I know this is true when the action is almost free because in this case $X$ is a weighted projective space, by the classification of riemannian $1$-foliations on spheres, but i think there must be some simpler way to show this in general.
Almost certainly yes. Here is a partial answer, though very algebraic and probably unnecessarily complicated. I only need to assume smoothness for this.
1) Smith theory and fixed points.
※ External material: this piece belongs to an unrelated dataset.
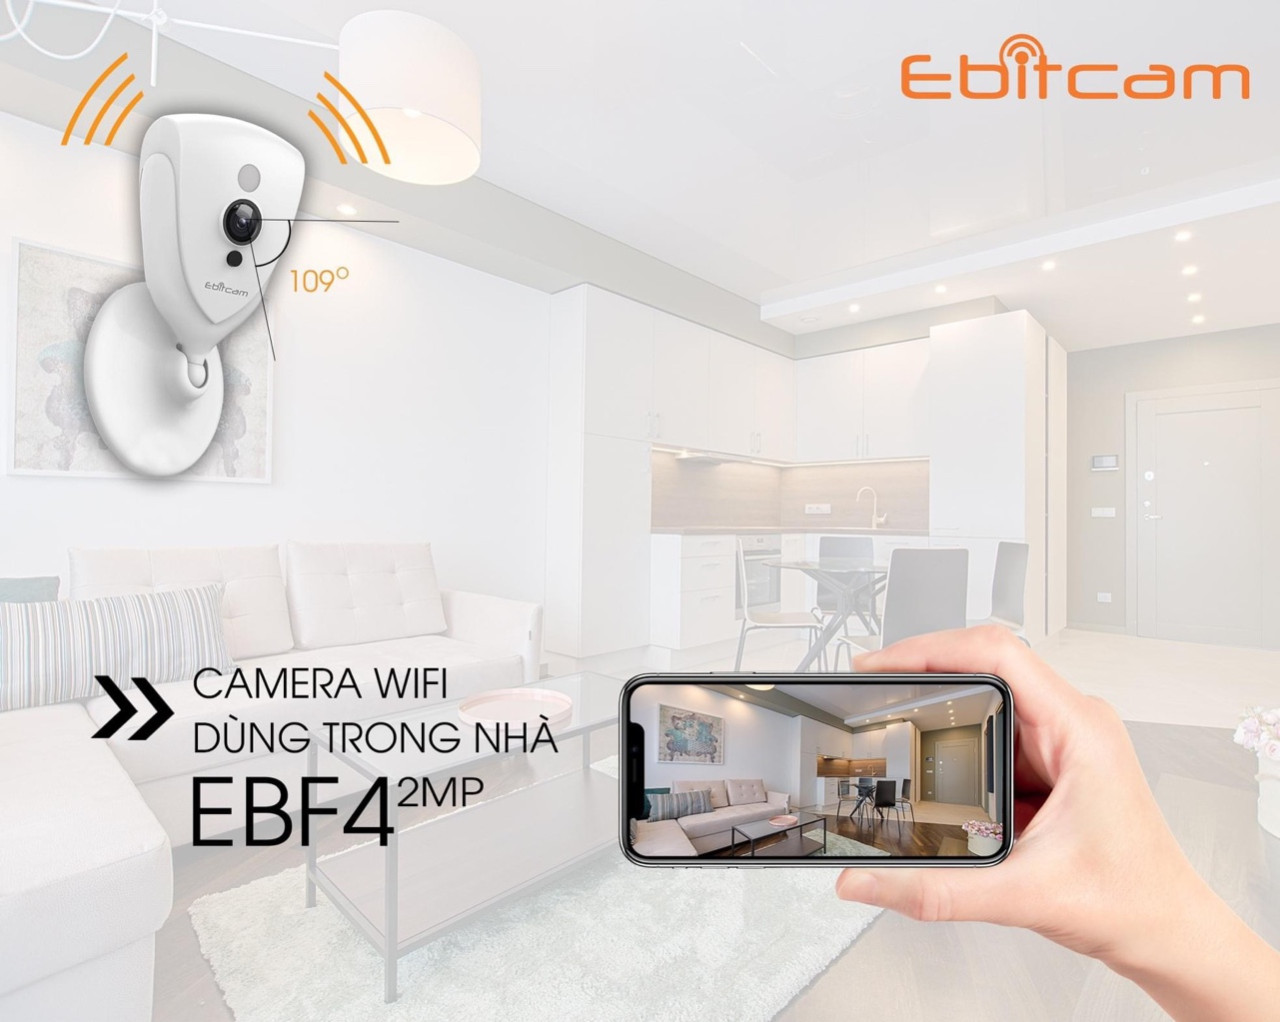 Camera Ip Wifi Ebitcam EBF4 2.0MPx Full HD 1080P + Thẻ Nhớ 32GB - Hàng Chính Hãng

A version of Smith theory (best known in the case of involutions as saying $\text{rk } H_*(M^{fix}; \Bbb F_2) \leq \text{rk } H_*(M;\Bbb F_2)$; here rank means total rank) for $S^1$ actions says that $\text{rk } H_*(M^{fix}; \Bbb Q) \leq \text{rk } H_*(M; \Bbb Q)$. For $M = S^{2n+1}$, we see that the fixed point set has the homology of a sphere of lower dimension. Indeed it must be the homology of a sphere of odd dimension (this comes from following along my favorite proof of Smith theory, which requires spectral sequences and localization theorems for equivariant homology.)
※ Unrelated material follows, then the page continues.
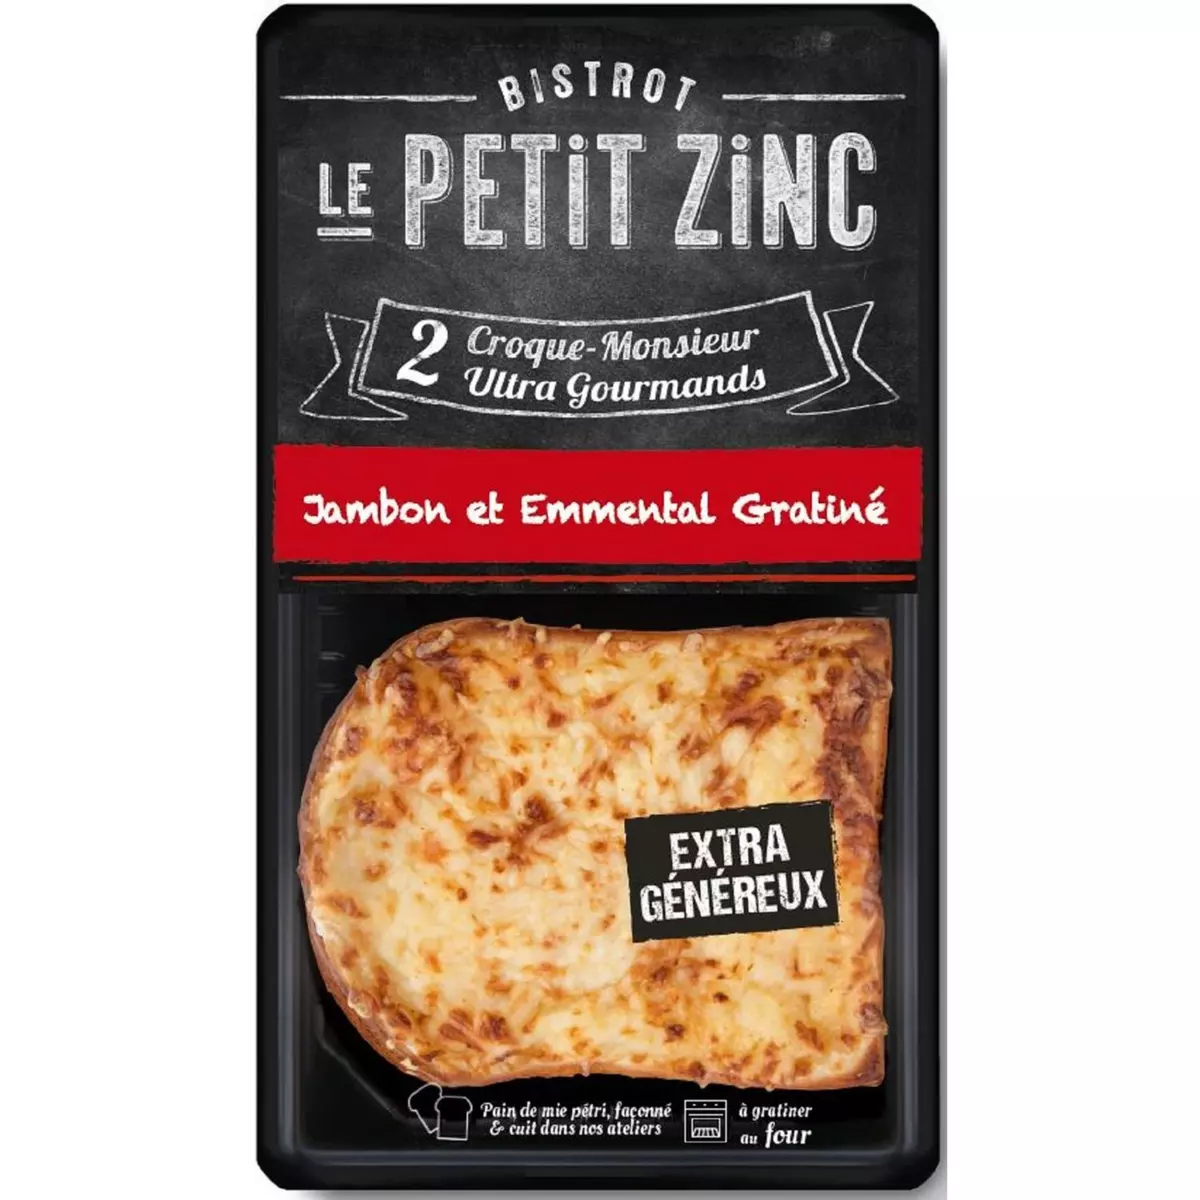 LE PETIT ZINC Croque-monsieur au jambon et emmental gratiné 2 pièces 280g

2) Quotients. Associated to an $S^1$ space $Y$ are both its homology $H_*(Y)$ and its equivariant homology $H_*^{S^1}(Y)$. These graded groups have a Gysin sequence $$H_*(Y) \to H_*^{S^1}(Y) \to H_{*-2}^{S^1}(Y) \to H_{*-1}(Y) \to \cdots$$
When the action of $S^1$ on $Y$ is semi-free, $H_*^{S^1}(Y;\Bbb Q) = H_*(Y/S^1;\Bbb Q)$.
3) Complements. Consider $Y^{S^1}$, the fixed point set of your action. Because it has the homology of a sphere $S^{2k+1}$, Alexander duality says that its complement has the homology of $S^{2n-2k-1}$. Its complement, in addition, has a semi-free $S^1$ action.
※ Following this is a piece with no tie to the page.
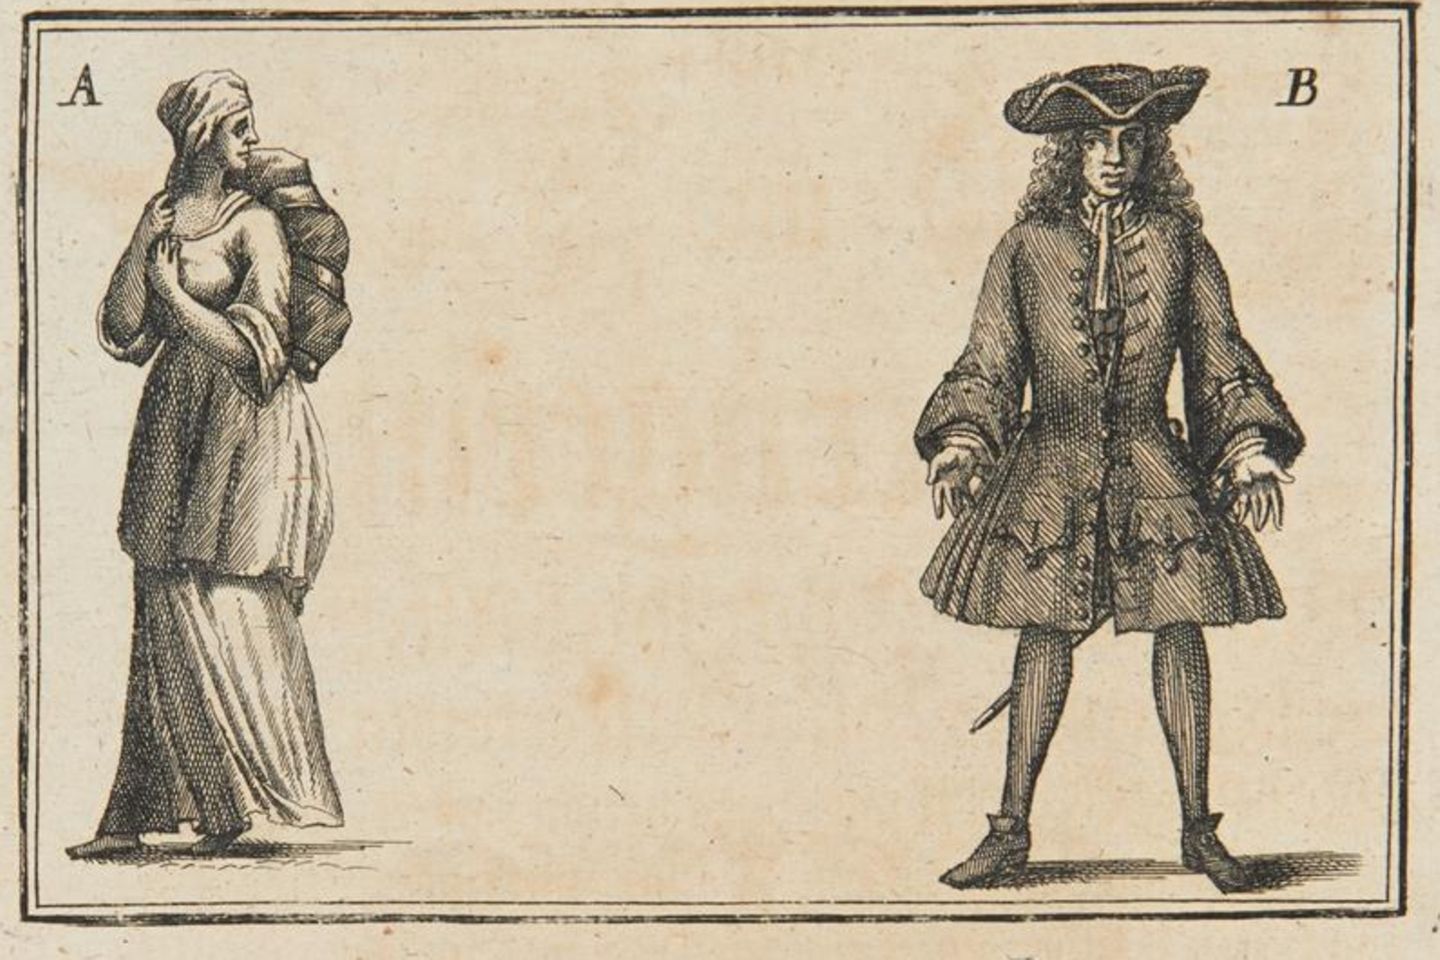 1720 diffamierte eine Broschüre Catharina Linck, die sich als Anastasius Rosenstengel ausgegeben hatte, als "Land-und Leute-Betrügerin"

4) Finally, whenever $Y$ has the homology of an odd-dimensional sphere, we can calculate what $H_*^{S^1}(Y)$ could possibly be. $H_*(Y)$ is supported in a single positive degree $d$; then we have two cases, depending on whether or not the map $H_d(Y) \to H_d^{S^1}(Y)$ is an isomorphism. If it is, then the Gysin sequence implies $H_*^{S^1}(Y) \cong H_*(\Sigma^d \Bbb{CP}^\infty)$ (that is, there's a $\Bbb Q$ in degree $d, d+2, d+4, ...$). Otherwise, the periodicity in the Gysin sequence has the opposite effect, and we see that it must have the same homology as $\Bbb{CP}^{d/2}$.
5) $Y \setminus Y^{S^1}$ has the homology of $S^{2n-2k-1}$ and is semi-free, so $H_*((Y \setminus Y^{S^1})/S^1) = H_*^{S^1}(Y \setminus Y^{S^1})$; because $(Y \setminus Y^{S^1})/S^1$ has the homotopy type of a finite CW complex, our equivariant homology calculation above must take the second form (we can't have homology in arbitrarily high degrees!) So the homology of the quotient of the complement of the fixed set is that of $\Bbb{CP}^{n-k-1}$.
Now I would need to run a Mayer-Vietoris sequence, but I got bored while calculating $(\partial N)/S^1$, $N$ a tubular neighborhood of the fixed set.